At that point I should have moved out of the way, but apparently I thought it would be better to catch the rest of it in my mouth. I wasn’t fast enough though, so his fourth and final shot mostly went all over my chin and neck.
Fantastic. At least I could take solace in the fact that Ryder hadn’t seen me completely botch the end of his blowjob.
Jus
t then I heard the exhibit doors open. The docent’s voice filled the room.
Shit, shit, shit! It was fun almost getting caught. But I’d literally die from embarrassment if they saw me. It would be worse than incident #2…when I’d raped Dr. Lyons. Oh God…did I just mouth rape Ryder? No…he definitely wanted it. And he’d been totally asking for it by putting his cock in that painting. So that knocked this down to somewhere near incident #3 status…the elevator curtsey incident. Nope, it was worse than that. Because I was covered in cum. Screw my life! I searched the room for a good hiding spot. But there wasn’t much. Unless I wanted to hide amongst the erect terracotta soldiers or duck behind a 6-foot penis sculpture, my only hope was to make a run for the emergency exit. I hiked up the bottom of my dress and sprinted toward the doors.
And I somehow made it out just in time. I think. I hadn’t heard anyone laughing or anything. But they were members of the Society, so they’d probably seen worse. I looked over my shoulder to make sure they weren’t following me for a gangbang. By some miracle, they weren’t. And there was a bathroom just around the corner. It was my lucky night. Or Ryders, if you know what I mean. #HorseFacts. Damn it! I hate hashtags! They’re so hard! But he had been hung like a horse…
My phone buzzed just as I walked into the bathroom.
Ryder: Sorry, had to run.
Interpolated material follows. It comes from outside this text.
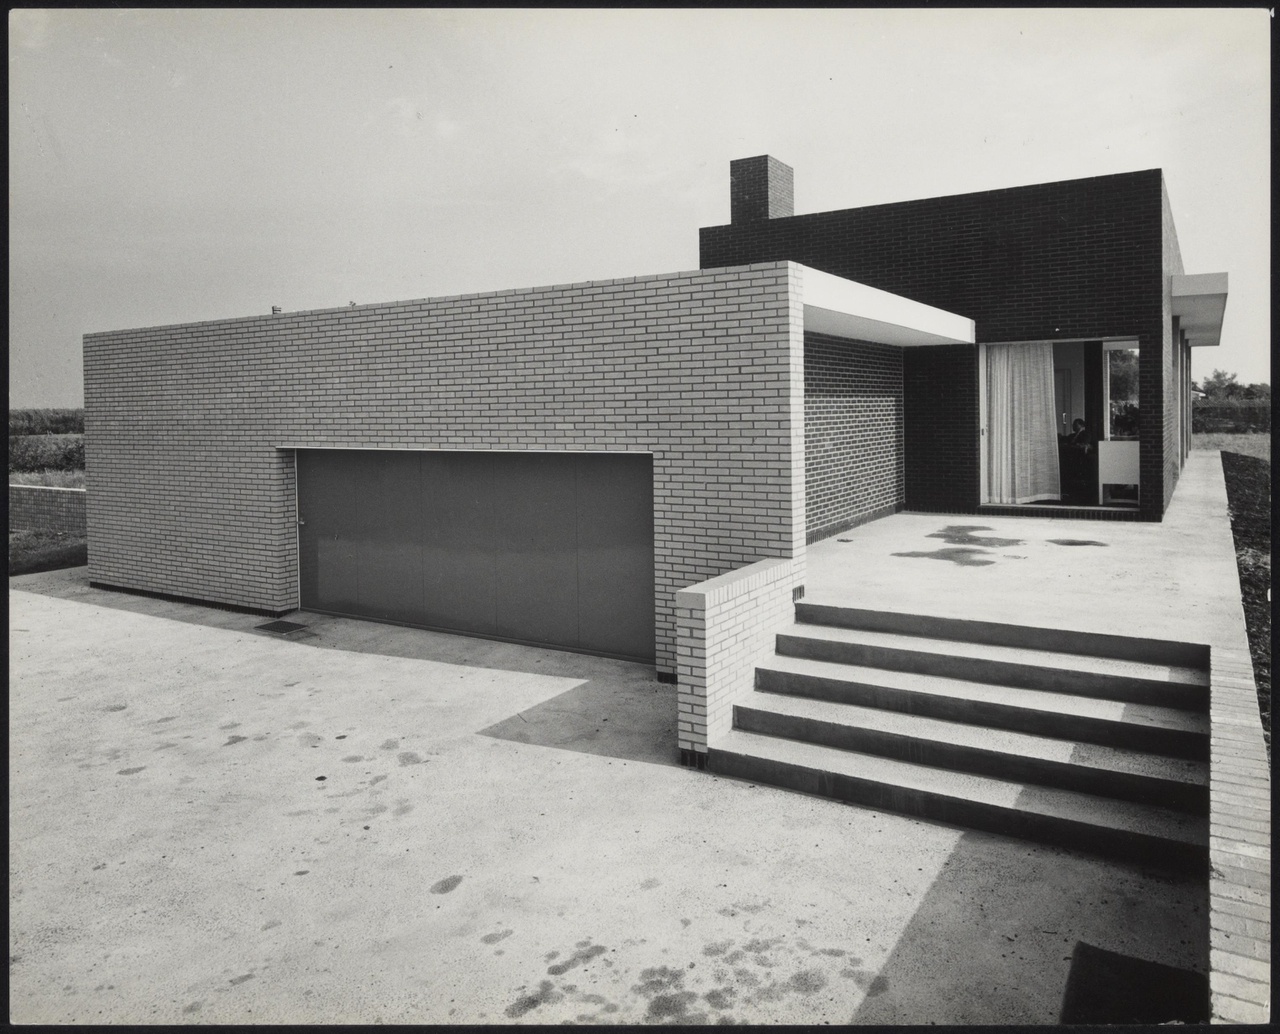 Afbeelding van woning Van den Doel, ca.1958, hoek westkant, langs zuidgevel

Major crisis at one of my factories. I’ll explain tomorrow.
How rude. First he hid behind a painting for our first sexual encounter, and then he left without even saying thank you? Blowing him was supposed to make him fall in love with me, not make him run away. Why did I have to be crushing on the weirdest billionaire in the world?
And more importantly, how awkward was work going to be tomorrow?
Chapter 37 - So Much Awkward
Wednesday
It was absolutely impossible to focus on work the next morning. Chastity kept trying to get more details about what I had done to Ryder, while all I could think about was when Ryder was going to get to work. It was almost noon and there was still no sign of him.